Index Nav: [Date Index] [Subject Index] [Author Index] [Thread Index]
Message Nav: [Date Prev] [Date Next] [Thread Prev] [Thread Next]

Re: dynamic Bindings; thread-state


Per Bothner <bothner@cygnus.com> wrote:
> > Unless I missed something, FLUID-LET can't make top-level bindings which
> > should exist for each and any thread, and about which the code which
> > creates some new thread doesn't need to know.

> Regular define seems to do what you want.

What I meant is that the same top-level name denotes a different binding
in each thread, in contrast to regular DEFINE, which denotes the same one
in each thread. FLUID-LET is necessarily related to control flow, which
restricts its usefulness to cases where the availability of a binding is
temporary and explicit.

> If a thread does not do fluid-let, it gets the binding from its parent.
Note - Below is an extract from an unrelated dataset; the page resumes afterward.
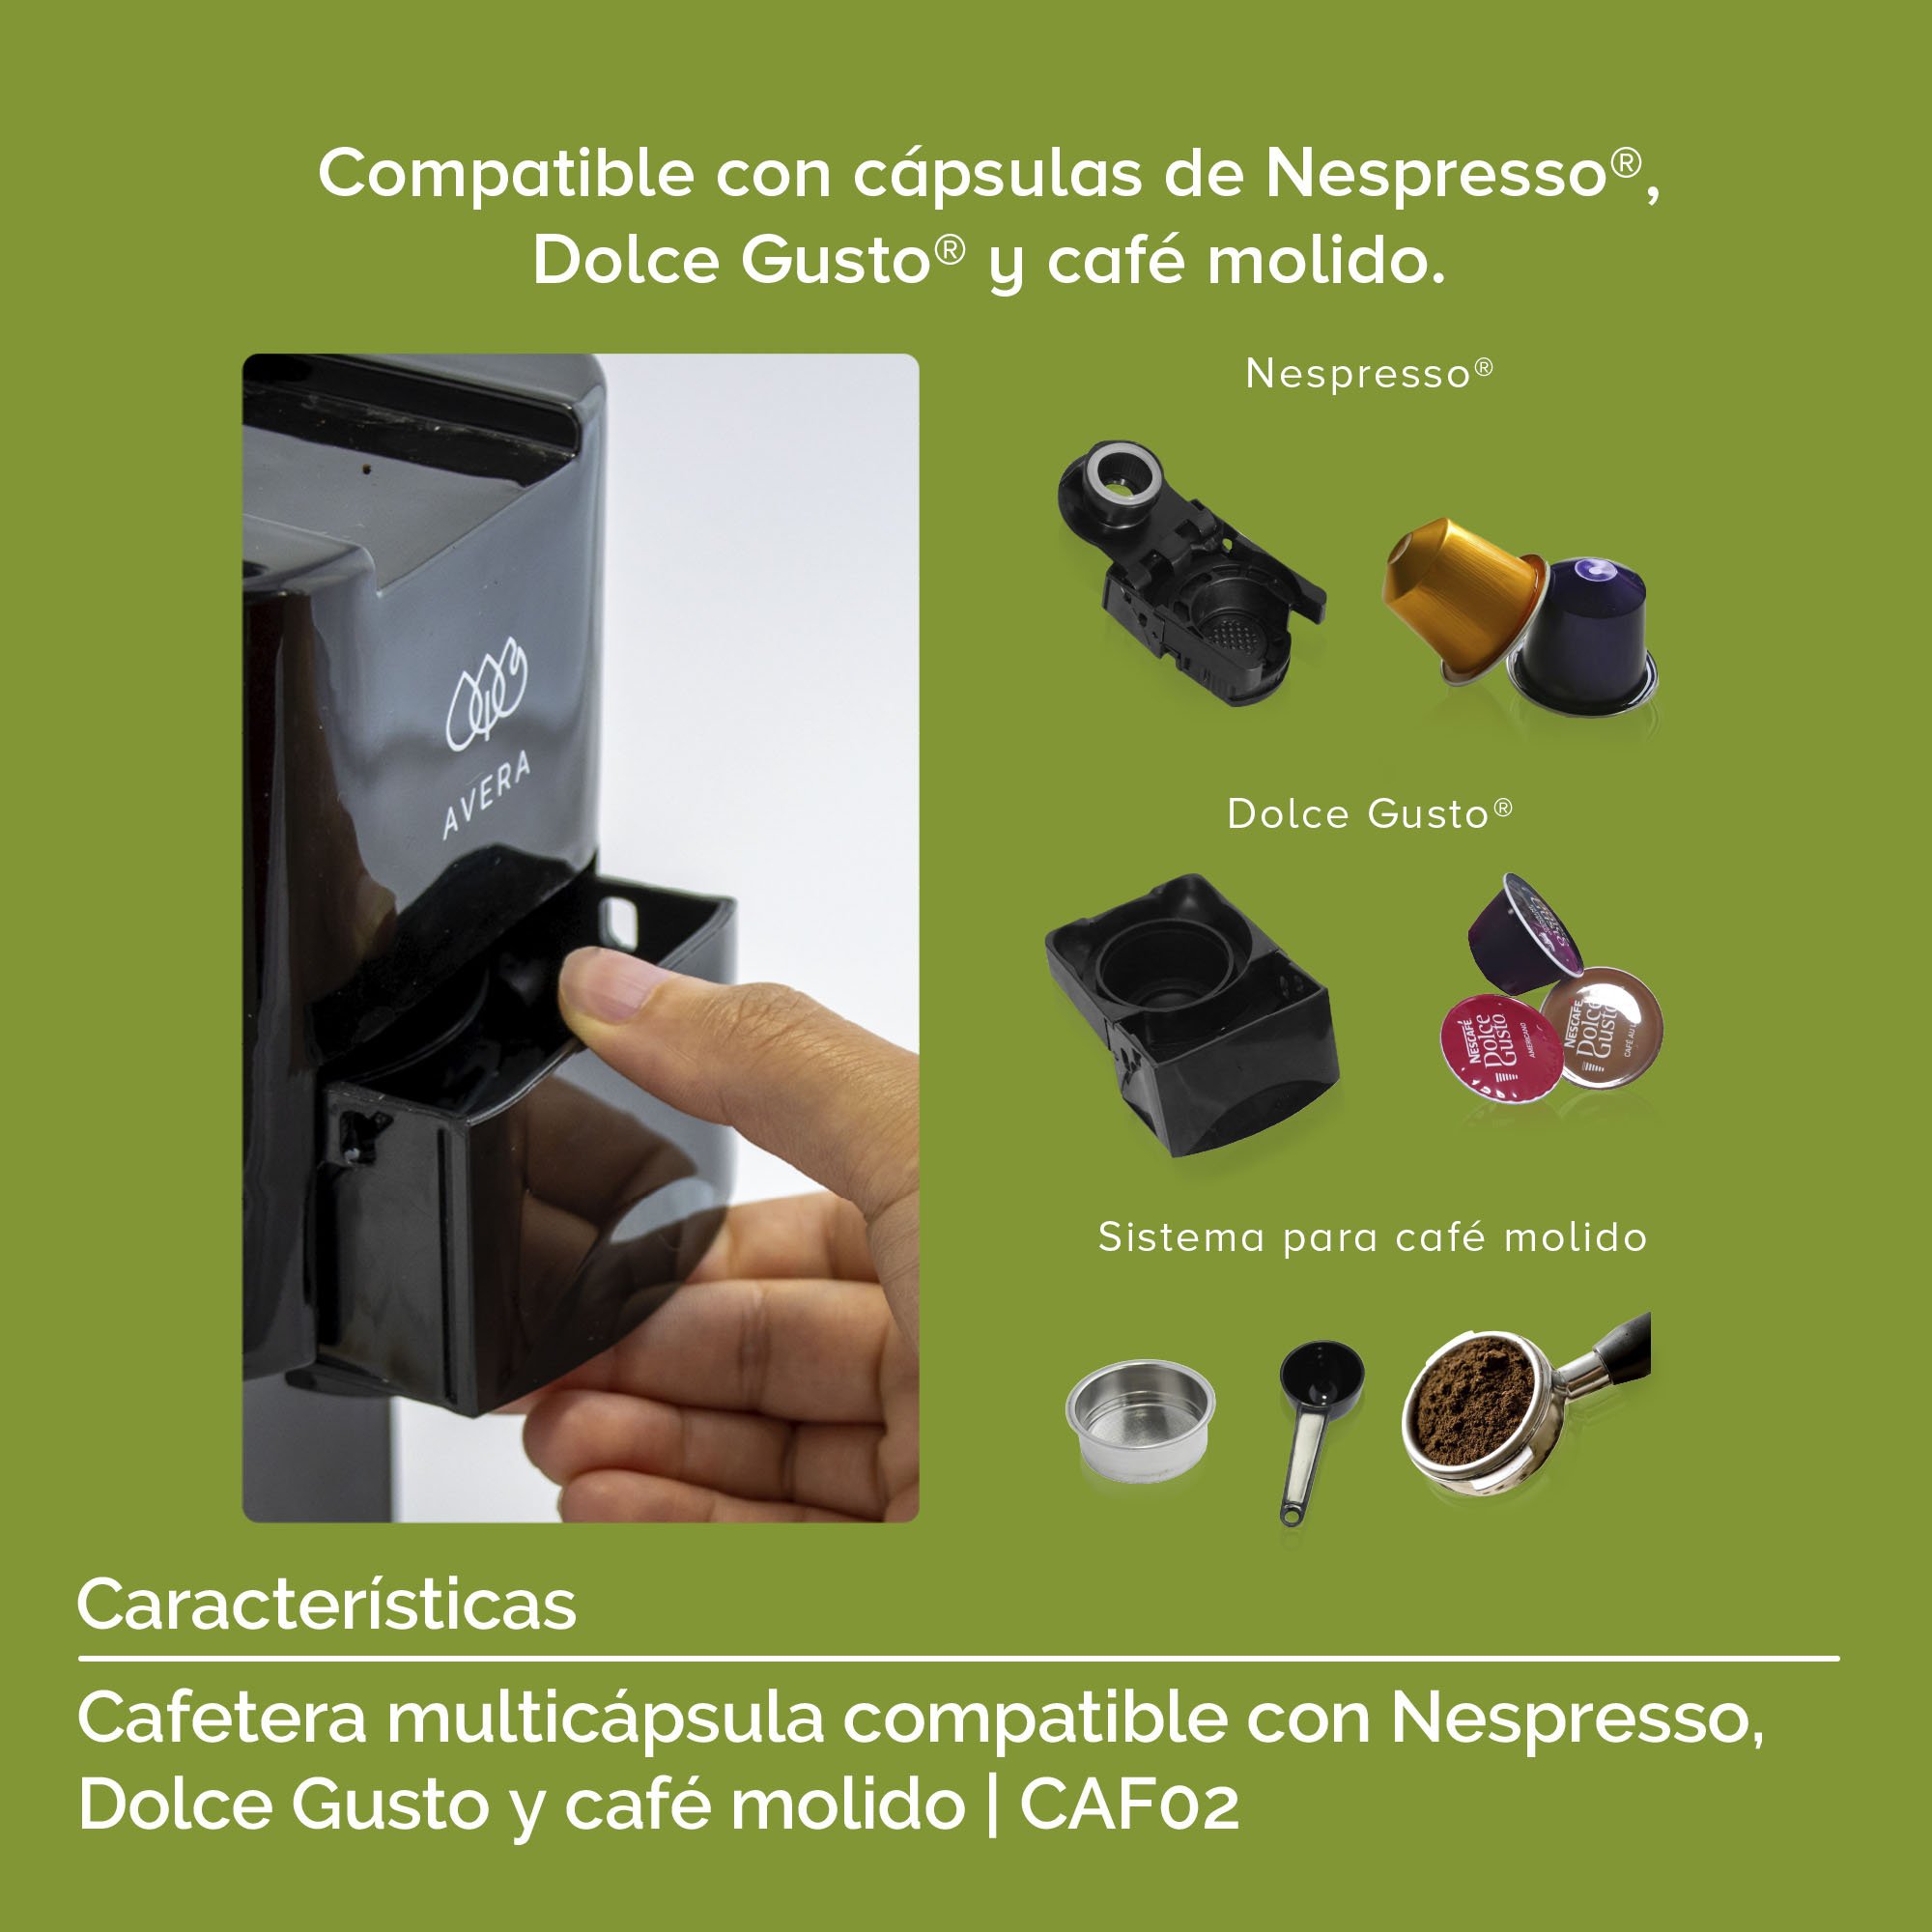 Porta Capsulas Dolce Gusto, Compatible con Capsulas Nespresso

Though sometimes that's what I want, sometimes I want each thread (whether
old or new) to start with the same original value, independently on the state
of system, sometimes I want to allocate a fresh object for each thread, and
so on - and I want to be able to hide even the existence of such a binding
in a module, without bothering new threads or their creators to perform a
FLUID-LET. As a trivial example (which may or may not be useful in practice,
that's not the point here), think of a module giving the clock-time which
has passed since a thread was created, and which doesn't demand any explicit
notice upon thread-start. Generally, any kind of resource which is supposed
to exist in every thread, but about which the "main code" shouldn't have to
know, benefits from an expressive implicit initialization mechanism.